Uit de pre-test is gebleken dat de positieve filmpjes (t(18) = 0,73, p = 0,476) en de neutrale filmpjes (t(18 = -1,78, p = 0,09) geen significante verschillen toonden, behalve het positieve filmpje van Praatjesmakers (M = 6,20; SD = 0,59) en het neutrale filmpje van Oceans (M = 4,76; SD = 0,85), t(18) = 6,46, p < 0,001. Daarom zijn deze twee filmpjes gekozen om de neutrale en positieve stemming te manipuleren (zie bijlage 2).

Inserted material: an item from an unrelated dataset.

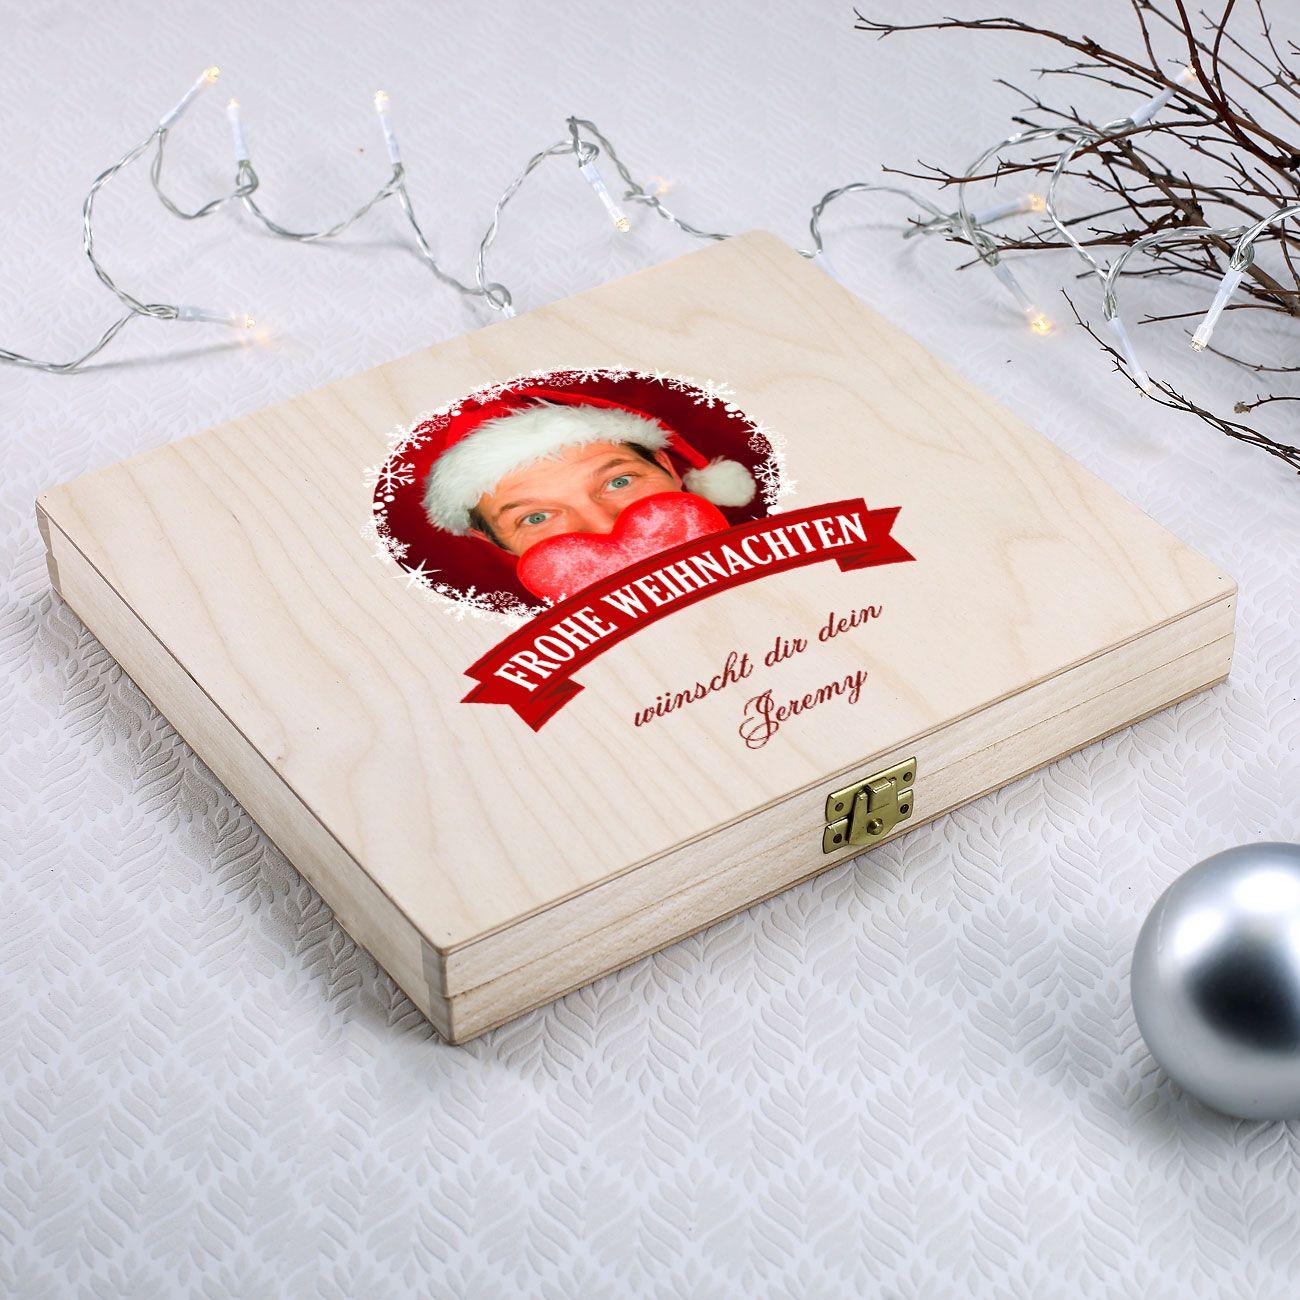 Geschenkverpackung mit Foto und Wunschtext zu Weihnachten ...

Brand placement. Nadat de respondenten één van de drie filmpjes hadden gezien, kregen ze één van de twee gemanipuleerde blogs te lezen (zie bijlage 2). De respondenten moesten minimaal 30 seconden de blog bestuderen voordat ze verder konden gaan met het onderzoek. De titel van de blog luidde: ‘REISTIPS: 4 tips om nog mooiere foto’s te maken’.

(16)

De ene blog bevatte een brand placement van het merk Fujifilm en de andere niet. In de conditie met brand placement werd het merk Fujifilm twee keer genoemd en werden er zes eigenschappen van de camera genoemd. In de conditie zonder brand placement werd Fujifilm niet genoemd en werd alleen vermeld dat de blogger een nieuwe camera had gekocht (zonder merk). In beide condities was een foto te zien van de Fujifilm camera, alleen stond het merk hier niet op afgebeeld. De inhoud, lengte en het uiterlijk van de blog is in alle twee de condities gelijk gehouden en daarnaast is de blog zelf geschreven. Dit is gedaan om de interne validiteit te verhogen en dus te voorkomen dat mensen de blog al kenden. Er is daarnaast gekozen voor een bekend merk, namelijk Fujifilm, en een bestaand product (camera), omdat dit de externe validiteit vergroot. Tot slot is er gekozen voor een camera omdat dit zowel mannen als vrouwen aanspreekt.

Meetinstrument

Stemming. Er is een manipulatiecheck uitgevoerd om te controleren of de manipulatie van stemming ook in het hoofdonderzoek was geslaagd. Hiervoor zijn dezelfde items als in de pre-test gebruikt. De items zijn samengevoegd tot één variabele stemming (Cronbach’s α = 0,96; M = 5,09; SD = 1,26).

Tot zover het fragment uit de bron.